Tight-oil production in the US set new records in 2019, but the banner year ended with an important caveat: more than two-thirds of crude production from shale plays flowed from wells drilled in the past 2 years. The figure reflects the fast-paced life of horizontal wells while also highlighting that older assets are not contributing as originally expected.
Wells brought online since the start of 2019 represented 45% of total US onshore production—3.5 million B/D out of an all-time high 7.74 million B/D. As more late-year production data flows in, the 2019 wells might represent closer to 50% of the total, according to information from Shale Profile, an analytics firm that aggregates public data from US oil and gas regulators. Another 25%, or about 1.9 million B/D, came from wells that started producing in 2018.
The remainder of US onshore supply came mostly from the 93,000 wells that were completed between 2010–2017. The importance of this older stock of horizontal wellbores is coming into focus as the early-time-decline rate of new wells accelerates, prompting upstream analysts at IHS Markit to forecast that US tight-oil production will peak in 2021.
Unconventional wells in the most prolific shale plays tend to see decline rates of more than 50% in their first year, and another 30% in their second. One of the key assumptions that justified the economics of such production profiles held that, after about 5 years, those steep declines would transition to the modest 5–10% annual drops seen in conventional wells, and remain there for many years.
The most recent production data reveal that tight oil wells are not living up to this standard.
At 5 years of age, horizontal wells in the Permian Basin and Williston Basin’s Bakken Shale share average terminal decline rates of around 17%. The figure for wells of the same age in the Eagle Ford Shale is 23.5%. On average, it takes 8–10 years for these wells to fall below an annual decline threshold of 10%.
These terminal decline rates represent a clear challenge for current reserves and ultimate recovery estimates from wells that were expected to produce economically for 30 or more years.

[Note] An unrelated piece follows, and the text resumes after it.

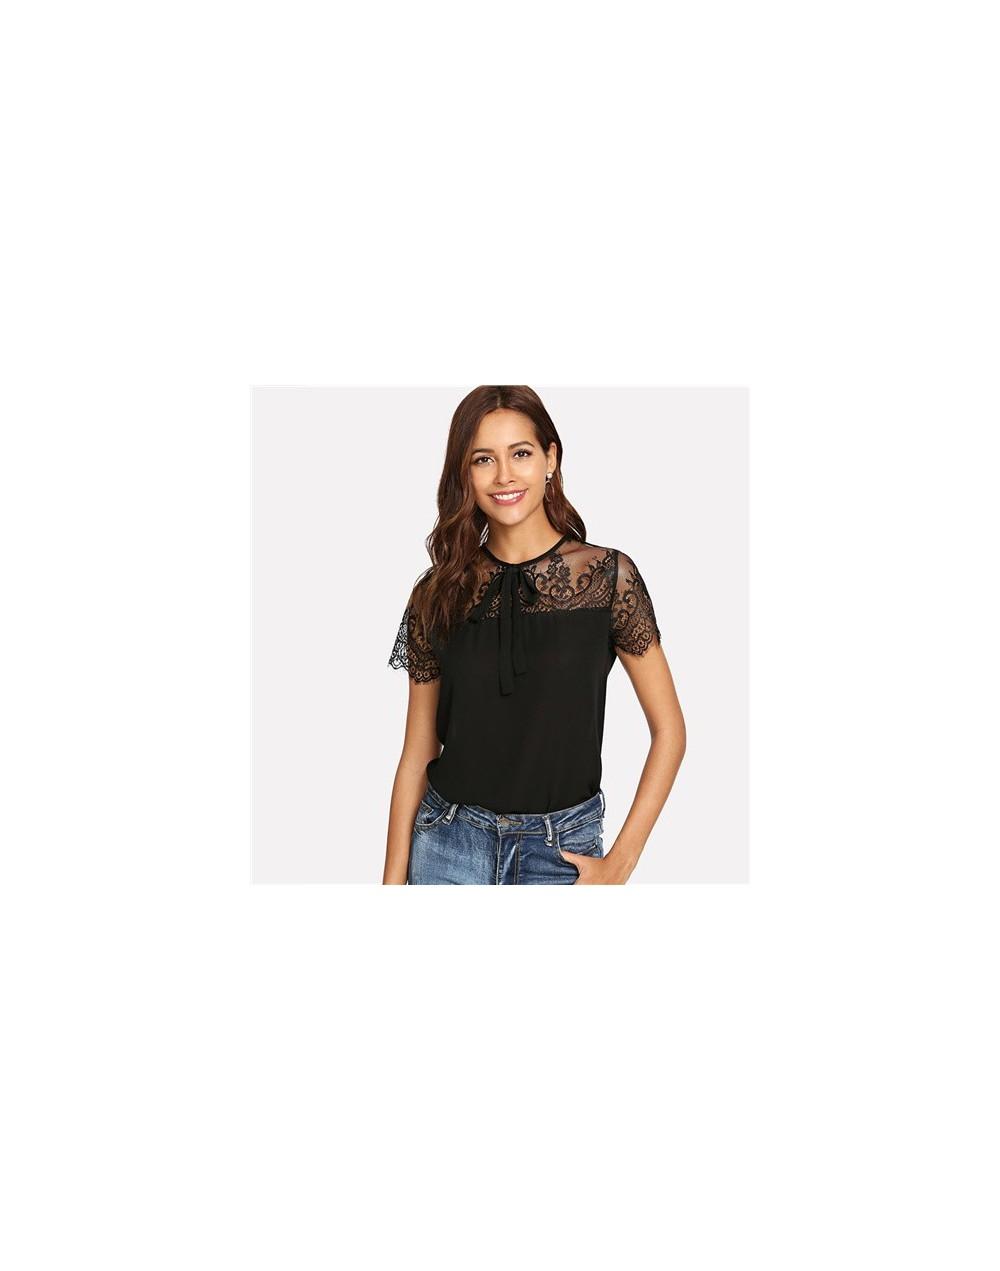 Tie Neck Lace Shoulder Top Short Sleeve Button Black Blouse Summer Tops For Women 2019 Office Ladies Elegant Blouses - Black...

As a result, shale producers are now advised to not use conventional wells as a guide, or else run the risk of overstating and overvaluing unconventional assets (URTeC 432). The sector’s awareness of long-term production shortfalls is also considered to be the driving force behind a new wave of mergers and acquisitions that has left constrained operators seeking to combine with peers holding proportionally large positions of undrilled acreage.